Тина поднесла к Стеллиным губам бумажный стаканчик с соком. Ассунта всхлипнула и так стиснула ее руку, что костяшки побелели у обеих.
– Мама, – начала Стелла второй заход. Ассунты хватило лишь на то, чтобы разрыдаться и завести скороговоркой: «Слава Тебе, Господи, слава Тебе, Господи! Святая Мадонна, Ты вняла моим молитвам!»

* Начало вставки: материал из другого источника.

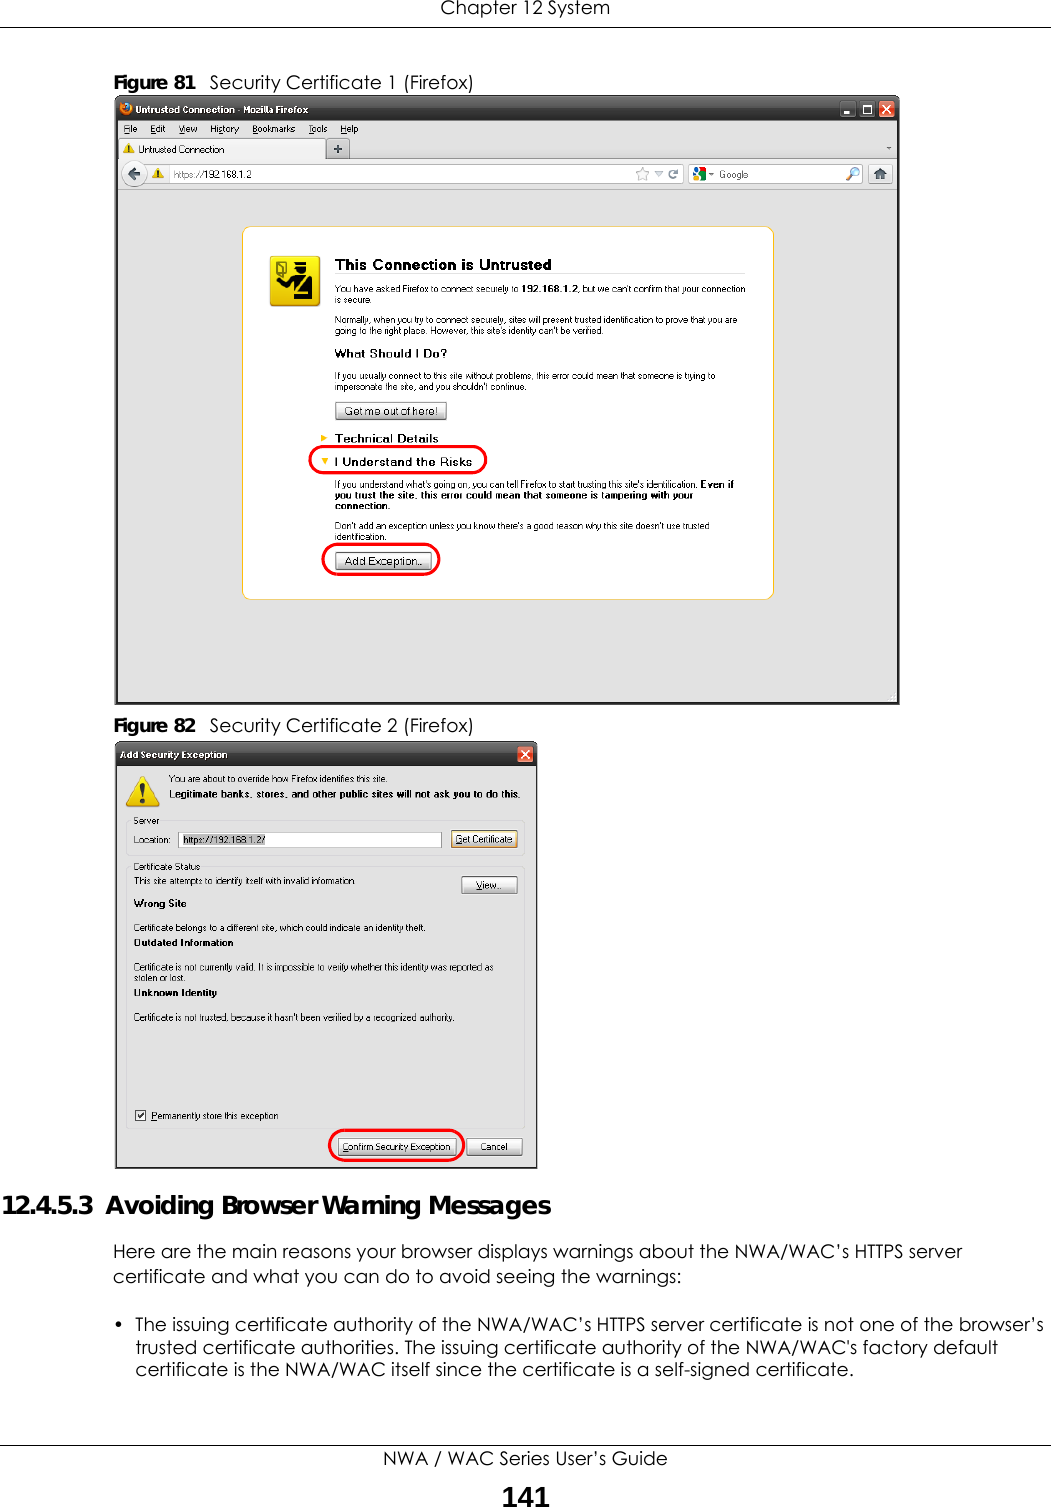 Chapter 12 SystemNWA / WAC Series User’s Guide141Figure 81   Security Certificate 1 (Firefox)Figure 82   Security Certificate 2 (Firefox)12.4.5.3  Avoiding Browser Warning MessagesHere are the main reasons your browser displays warnings about the NWA/WAC’s HTTPS server certificate and what you can do to avoid seeing the warnings:• The issuing certificate authority of the NWA/WAC’s HTTPS server certificate is not one of the browser’s trusted certificate authorities. The issuing certificate authority of the NWA/WAC&apos;s factory default certificate is the NWA/WAC itself since the certificate is a self-signed certificate.

Прохладный сок коснулся нёба. Стелла глотнула. Тина поспешила наклонить стаканчик и поддержать с затылка Стеллину голову. Живот, бедра, тазовые кости – все ныло и саднило почти нестерпимо.
Видя, что от матери толку мало, Стелла обратилась к сестре:
– Тина…
Голос звучал как чужой.
– Где мой ребенок, Тина? Его унесли, да? Унесли?
Тина быстро взглянула на мать. Ассунта рыдала, уткнувшись Стелле в ладонь. Понятно. Право сообщить ужасную новость предоставляется Тине. Впрочем, половиной сознания Стелла все поняла прежде, чем Тина рот раскрыла. Другая половина отказывалась понимать и верить, даже когда роковые слова были произнесены.
– Стелла, твое дитя сейчас с Господом, – промямлила Тина.
Все, она свою миссию выполнила. Теперь можно было с чистой совестью осесть на линолеум и залить слезами юбку.
Стелла уставилась в потолок. Слева от нее рыдала мать, справа – сестра. Хоть бы нянечка явилась, дала им обеим нашатыря понюхать. Потому что говорить с ними было выше сил. Только не сейчас. Может, вообще никогда. Стелла закрыла глаза, нырнула обратно в боль.